Assignment: Would you output the listing exactly, with every image omitted?

Data segment:
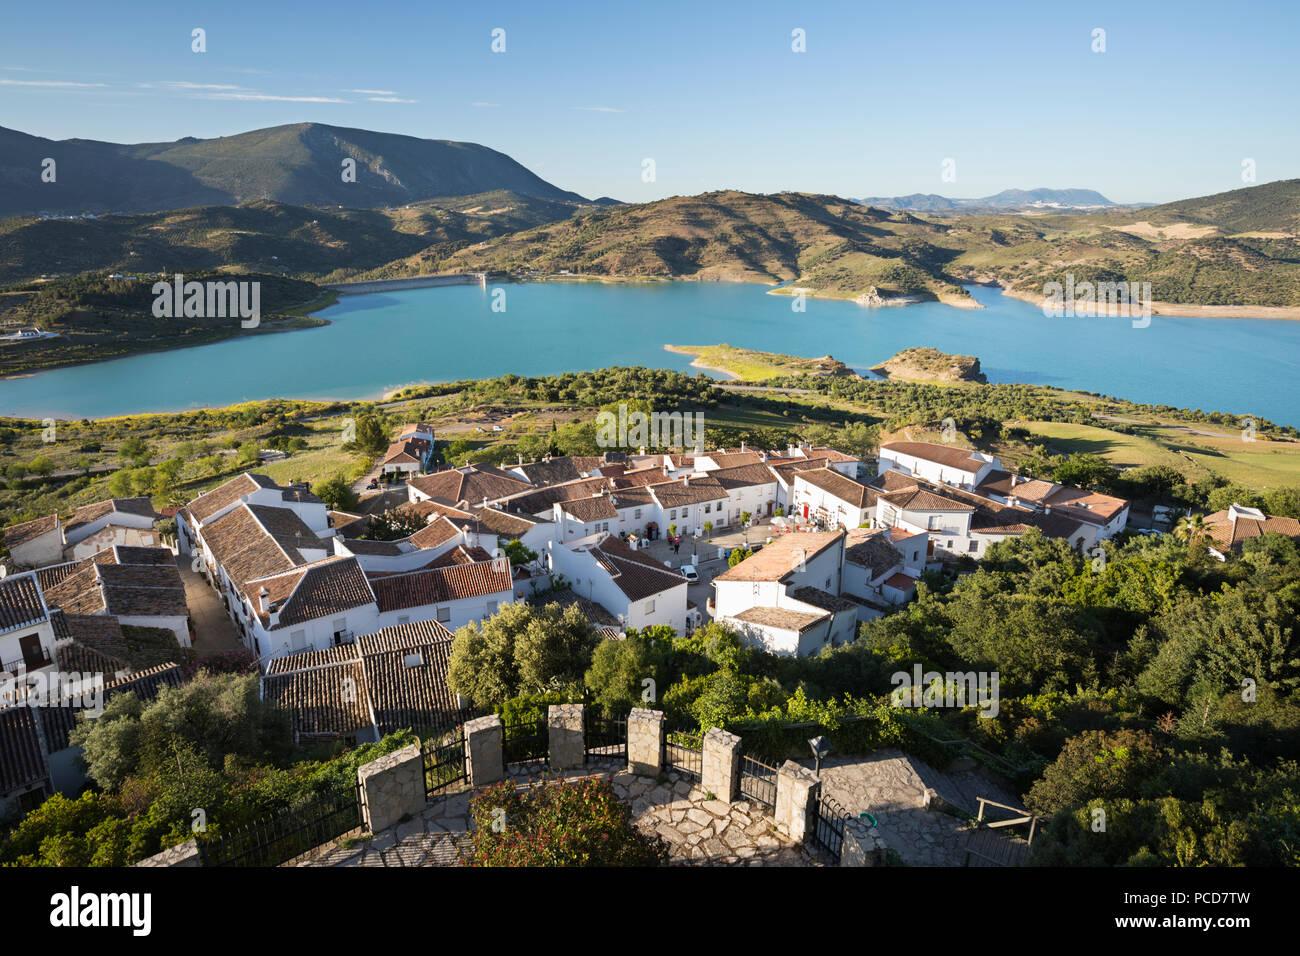 Vista de la aldea blanca y depósito de color turquesa, Zahara de la Sierra, el Parque Natural Sierra de Grazalema, Andalucia, España, Europa Imagen De Stock
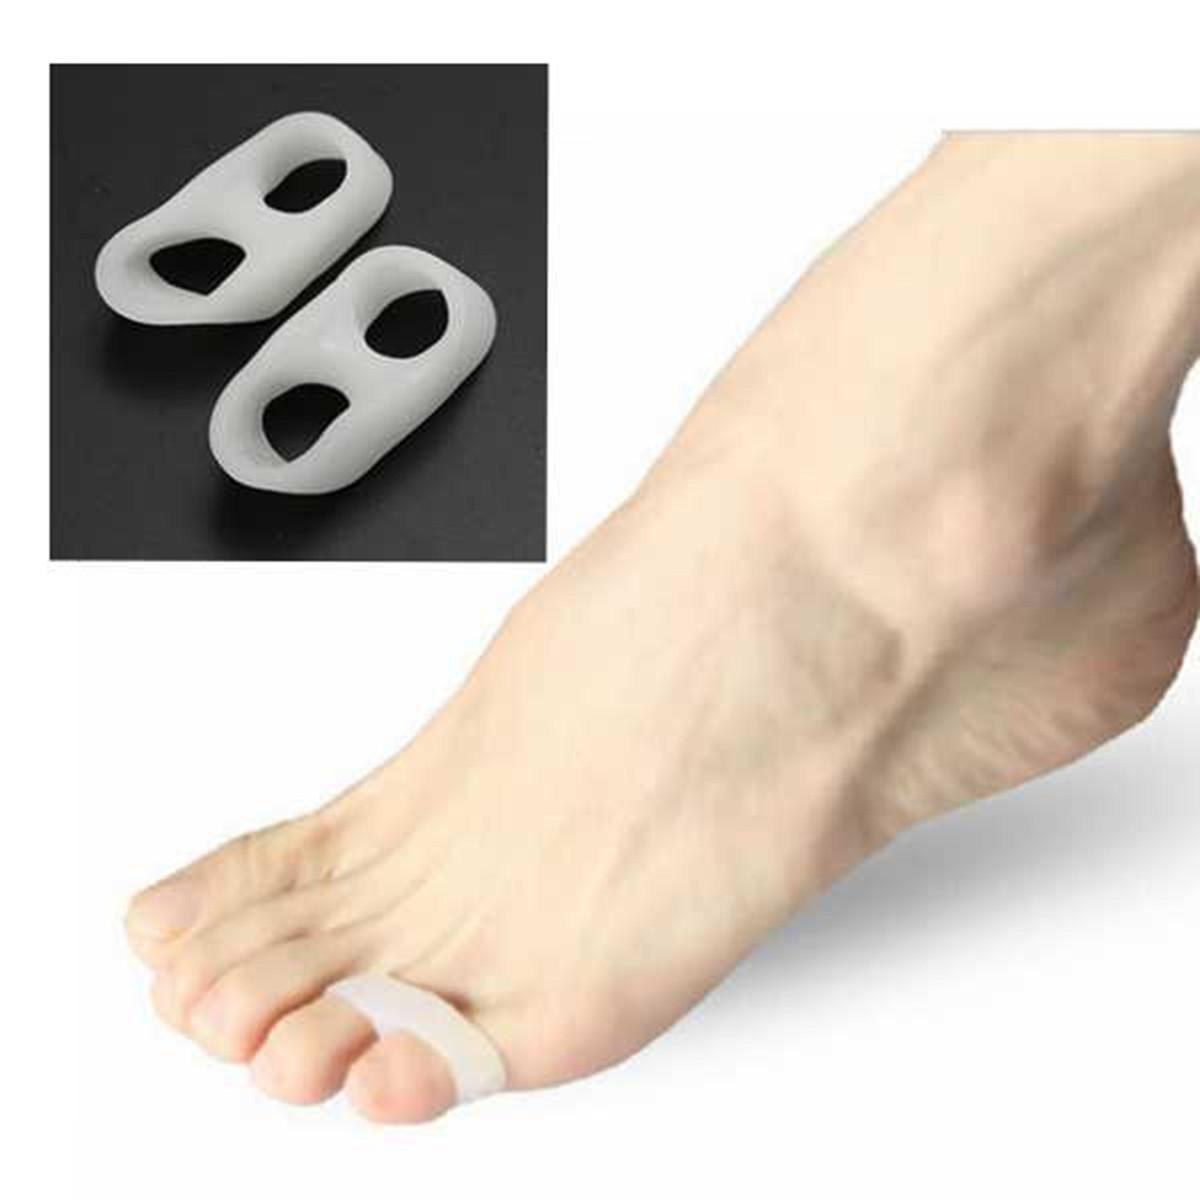 Шт мягкий силиконовый гель toe сепараторы выпрямитель бурсит большого пальца стопы протектор
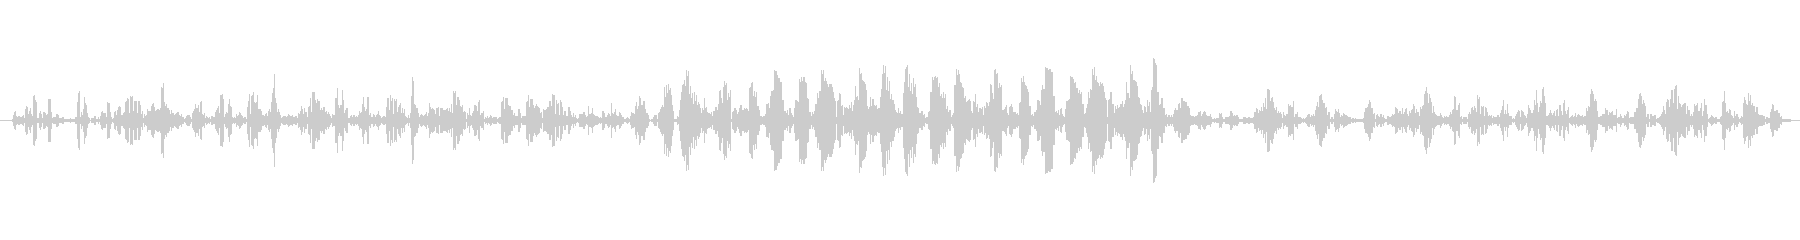 グランブルメカニカルローの未再生の波形

Answer to the problem:
 Vista de la aldea blanca y depósito de color turquesa, Zahara de la Sierra, el Parque Natural Sierra de Grazalema, Andalucia, España, Europa Imagen De Stock
 Шт мягкий силиконовый гель toe сепараторы выпрямитель бурсит большого пальца стопы протектор
 グランブルメカニカルローの未再生の波形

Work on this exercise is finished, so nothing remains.